AMQ supports explicit source-session stamping from setup terminals:

amq send \
  --root <base-root> \
  --from-session <source-session> \
  --me <sender> \
  --to <target> \
  --session <target-session> \
  --body "..."

Semantics:

  • --root is the base root for the source and target sessions.
  • The --from-session and --session arguments must resolve under the same --root base root. AMQ does not accept cross-base-root pre-boot sends in this contract.
  • --from-session is an explicit local-user claim about the source session.
  • AMQ validates the source session root exists under the base root.
  • AMQ validates the sender handle under the source session using existing handle rules.
  • AMQ writes the sender outbox copy under the source session.
  • AMQ delivers to the target session.
  • AMQ stamps reply_to as <sender>@<source-session> so replies route back to the intended source session.

This closes the setup-terminal cross-session case without making AMQ aware of team rosters or launch tools.

Non-goals:

  • AMQ does not create missing source or target sessions as a side effect of send.
  • AMQ does not accept --from-session for cross-project peer claims unless a future ADR defines that contract.
  • AMQ does not route --from-session across distinct base roots. Cross-base-root pre-boot sends are future work.
  • AMQ does not read layer metadata to decide the source session.

Alternatives Considered

Make AMQ Team-Aware

Rejected. Team composition, roles, launch commands, and workflow policy are layer responsibilities. Making AMQ read team.json or equivalent files would couple the transport to one orchestrator model.

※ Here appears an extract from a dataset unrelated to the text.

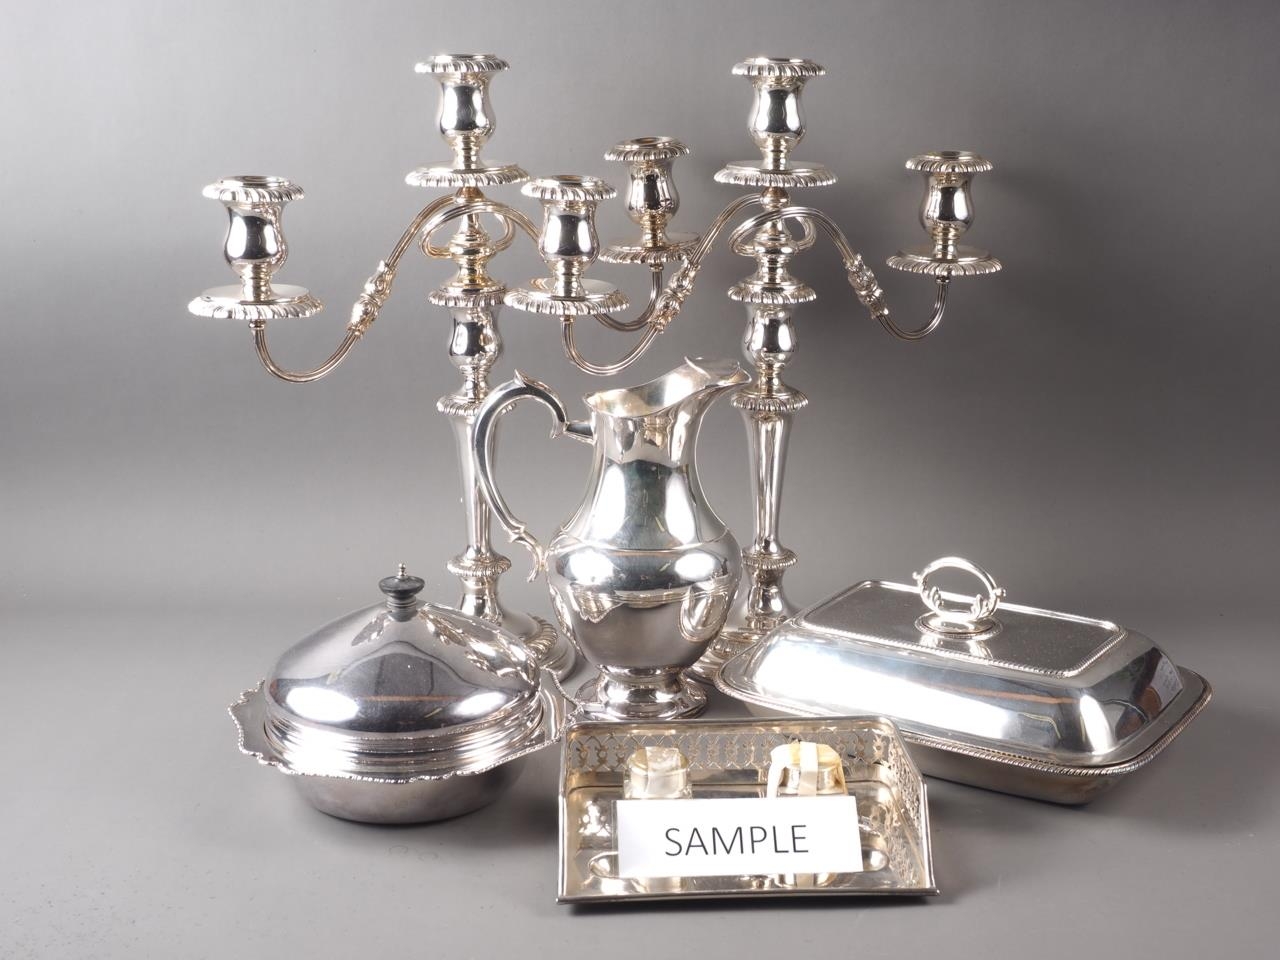 A pair of silver plated three-light table candelabra, a pair of single light candlesticks, a

Let Layers Keep Reimplementing Routing

Rejected. It creates plausible wrong commands when .amqrc, peer config, custom roots, global roots, or duplicate project basenames are involved. Routing is already AMQ's domain, so AMQ should expose route explanation.

Add Active Extension Hooks

Deferred. Hooks around coop exec, doctor, cleanup, or delivery are easy to overfit and create execution-order and security problems. Passive manifests and reserved directories are enough until at least two independent layers need the same lifecycle event.

Keep Extension Files in Agent Roots

Rejected. Files directly under <AM_ROOT>/agents/<handle>/ compete with AMQ's current and future mailbox namespace. Reserved extension directories give layers a durable place to write metadata while preserving AMQ's ability to evolve the mailbox.

Consequences

  • External layers get stable, minimal AMQ-owned APIs for discovery, storage, routing explanation, and setup-terminal sends.
  • AMQ keeps the product boundary: it remains a message transport, not a task or team orchestrator.
  • Existing commands remain compatible because all surfaces are additive.
  • Layers should move metadata into extension directories and delete duplicated AMQ layout or route inference code.
  • amq doctor --json can report passive extension metadata without executing layer code.

Implementation

Implemented across #101-#104:

  • #101 added the amq env --json v1 fields and stability documentation.
  • #102 reserved extension metadata directories and reports passive manifests in diagnostics.
  • #103 added amq route explain --json with canonical argv output.
  • #104 added amq send --from-session for pre-boot cross-session sends.